When a virus invades your cells, it changes your body. But in the process, the pathogen changes its shape, too. A new mathematical model predicts the points on the virus that allow this shape-shifting to occur, revealing a new way to find potential drug and vaccine targets. The unique math-based approach has already identified potential targets in the coronavirus that causes COVID-19.
Outlined in April in the Journal of Computational Biology, the strategy predicts protein sites on viruses that stash energy—important spots that drugs could disable. In a rare feat, the work proceeds from pure mathematics, says study author and mathematician Robert Penner of the Institute of Advanced Scientific Studies in France. “There's precious little pure math in biology,” he adds. The paper’s predictions face a long road before they can be verified experimentally, says John Yin, who studies viruses at the University of Wisconsin–Madison and was not involved in the research. But he agrees that Penner’s approach has potential. “He’s coming at this from a mathematician’s point of view—but a very scientifically informed mathematician,” Yin says. “So that’s highly rare.”
Penner’s method takes advantage of the fact that certain viral proteins alter their shape dramatically when viruses breach cells, and this transformation depends on unstable features. (A stable protein site, by definition, resists change.) By identifying “high free energy sites”—areas on a viral protein that store lots of energy—Penner realized he could spot likely “spring” points that mediate this change in shape. He calls such high-energy spots exotic sites. Finding them required some complex math.
Penner focused on the backbones of the proteins that undergo the most change during cell fusion and entry. He examined the hydrogen bonds that form between backbone sections when proteins fold. A protein consists of a series of individual units, or residues, with two such units forming hydrogen bonds. The bonded units rotate relative to each other, and those twists imply varying amounts of free energy in the residues involved.
To isolate the exotic rotations, Penner cranked a few mathematical levers on a giant collection of protein shapes. He and his colleagues had previously gathered a representative sample of proteins from a database and looked at the roughly 1.17 million backbone hydrogen bonds in the set. He then needed to establish how frequently different rotations appeared.
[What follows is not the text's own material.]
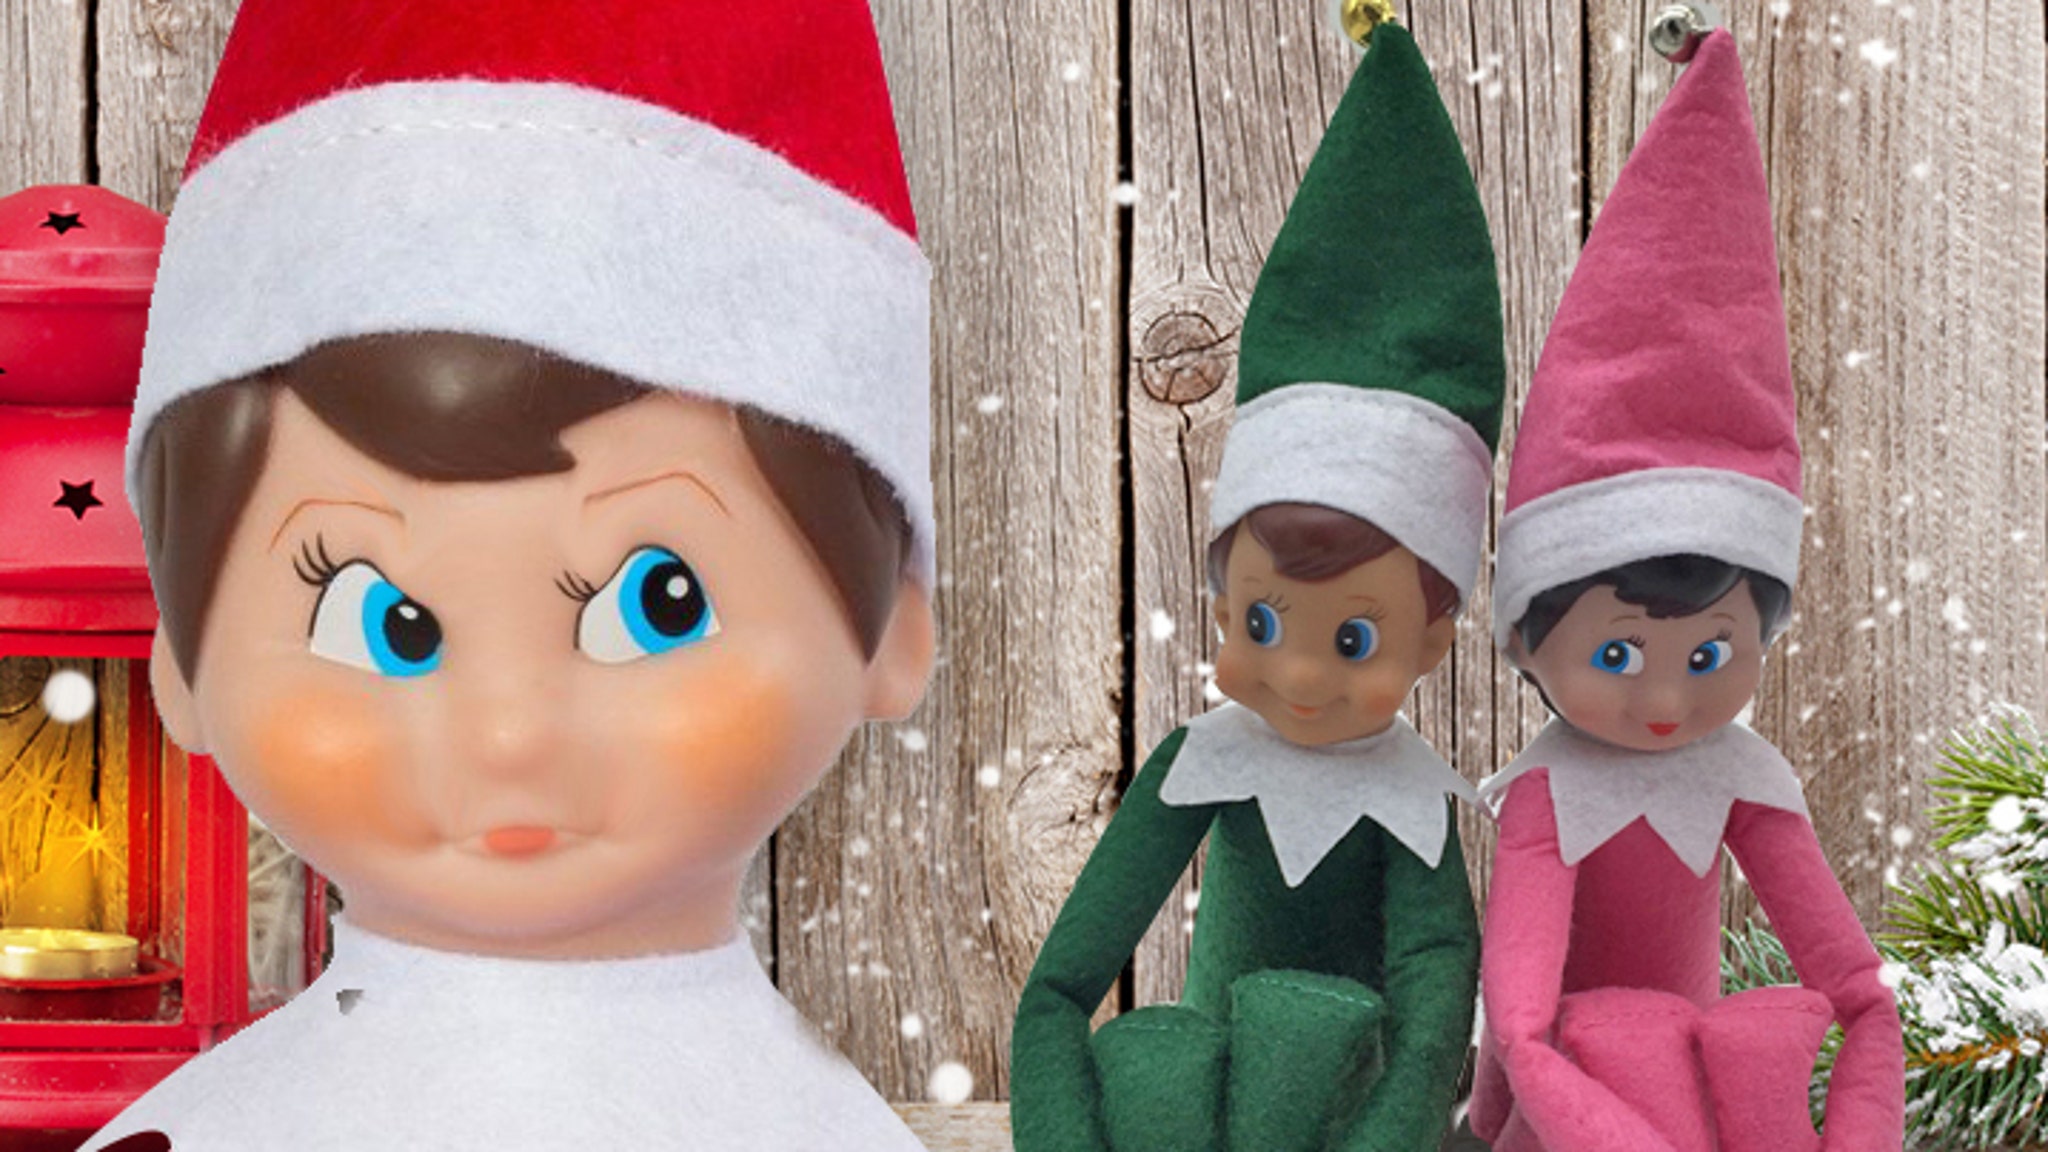 'Elf on the Shelf' Author Sues Over Knockoff Dolls

To find that information, Penner turned to geometry. In the 19th century, German mathematician Carl Friedrich Gauss showed that you can describe each unique rotation of three-dimensional space by specifying the axis around which that rotation turns and the amount by which it does so (picture a wheel turning around car axle by anywhere from zero to 360 degrees, or zero to two pi radians). You can represent each rotation with a vector, a measurement that has both a magnitude and a direction and that is usually pictured as an arrow of a certain length pointing in a specific direction. This arrow’s orientation describes the rotation’s axis, and the vector’s length gives the amount of rotation (imagine an axle that lengthens with further rotation). Collect all the vector arrows pointing out every which way from a central point, and you have all possible axes for a rotation to spin about. Spots along each axis (the arrow points of different vectors) identify all unique rotations: the possible amounts of rotation, from zero to two pi radians, around every axis.
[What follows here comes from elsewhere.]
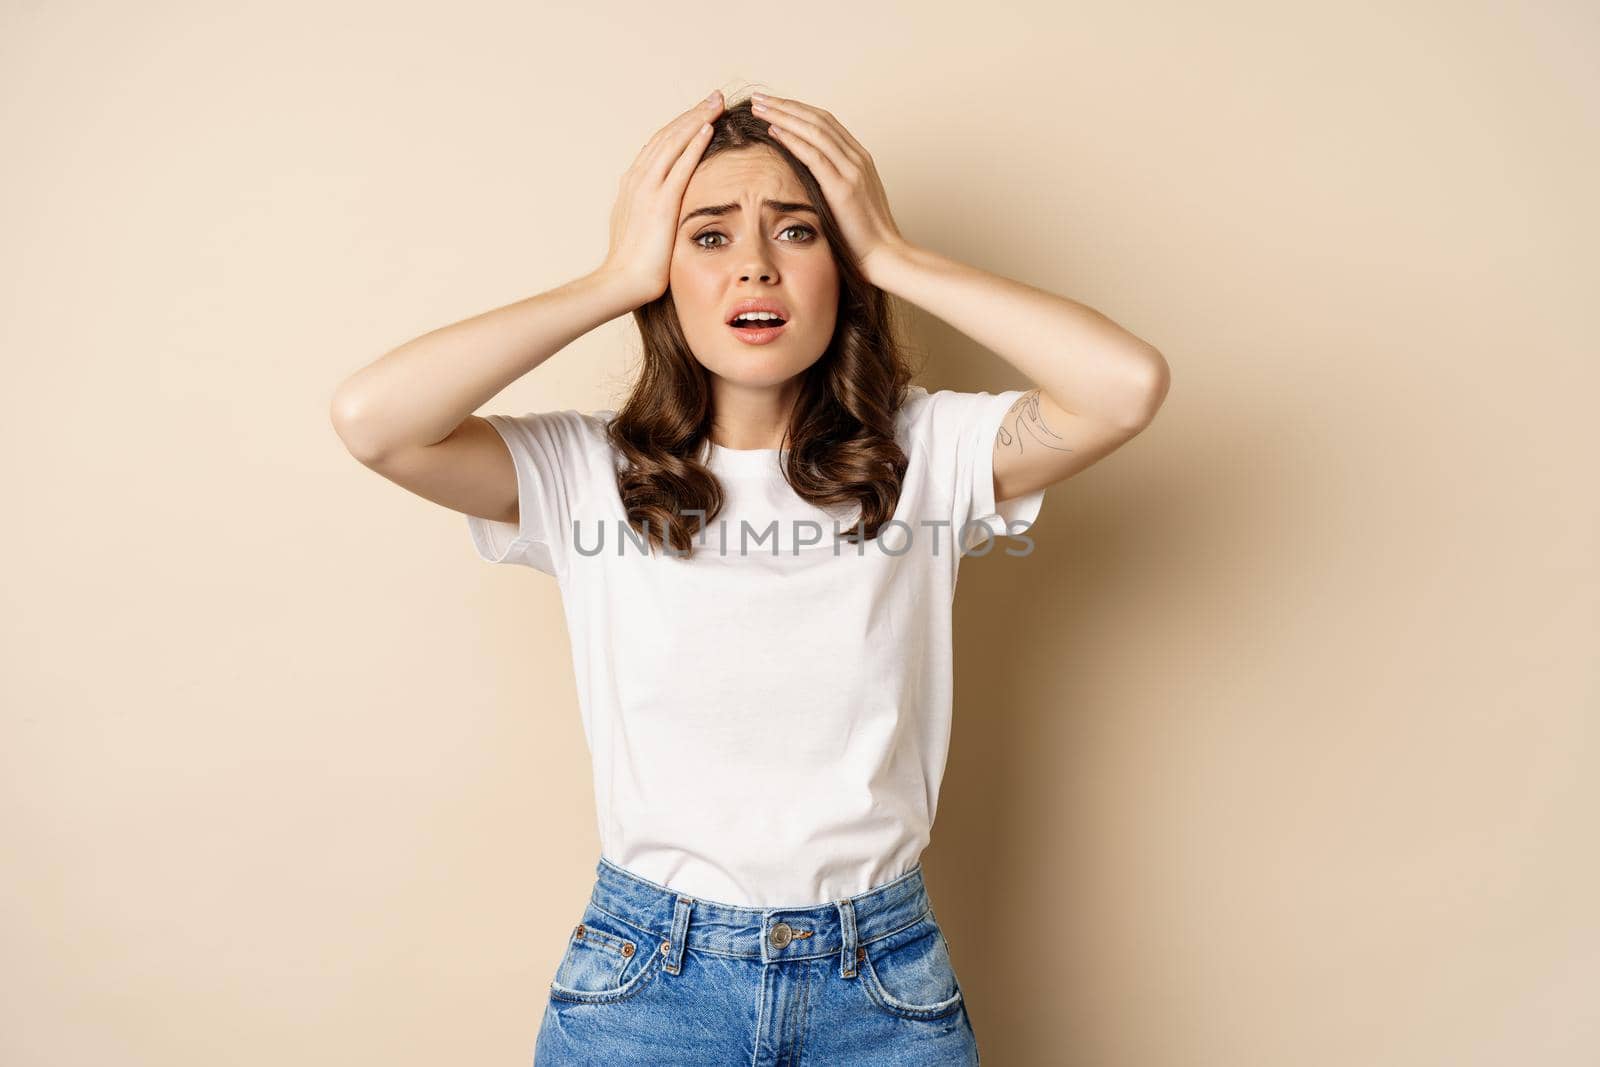 Young woman facing disaster, looking anxious in panic, holding hands on head frustrated, standing over beige background.

Altogether these arrows make up a 3-D ball (imagine a spiny Koosh ball or a rolled-up hedgehog). This structure is what Penner wanted, because it allowed him to do some math on the points appearing in it. Penner mapped the rotations found in the database onto the ball. Then he calculated the frequency of each one by looking at the density of its surrounding region in the structure: rotations in less dense parts of the ball are rarer.
Scientists know that the frequency of a protein feature is related to a function of its free energy, such that rarer features have higher energies. So using established equations and the densities on the ball, Penner computed the free energy of different rotations, revealing exotic sites. One indication that the approach works is that it predicted already known functional sites, Penner says. But previously unknown sites discovered by this method could prove to be promising targets for drugs to attack.
If experiments verify Penner's predicted sites—a big if—the approach holds promise, says Arndt Benecke, a biological researcher at the French National Center for Scientific Research, who advises the mathematician. “If that were the case, then automatically, the free energy is something you could target that we’re not currently doing,” he says. “The whole thought of what could or should a drug or antibody do might change.”
In a follow-up study published in the same journal on Wednesday, Penner pinpointed three exotic “sites of interest” on the coronavirus behind COVID-19. But now they must survive the rigors of the lab. Experimenters need to show that knocking out the sites indeed releases free energy, Benecke says. Even then, they may remain inaccessible to drugs, he adds. And any treatments targeting the sites must survive the usual tests for efficacy and safety in animal models and then in people. “The literature is littered with failures,” Penner says.
Still, if the method works, it could have applications for a wider range of targets, from the signaling proteins that allow cells to communicate with their environment to prions, the misfolded proteins behind conditions such as mad cow disease. “This could go far beyond the viruses,” Benecke says.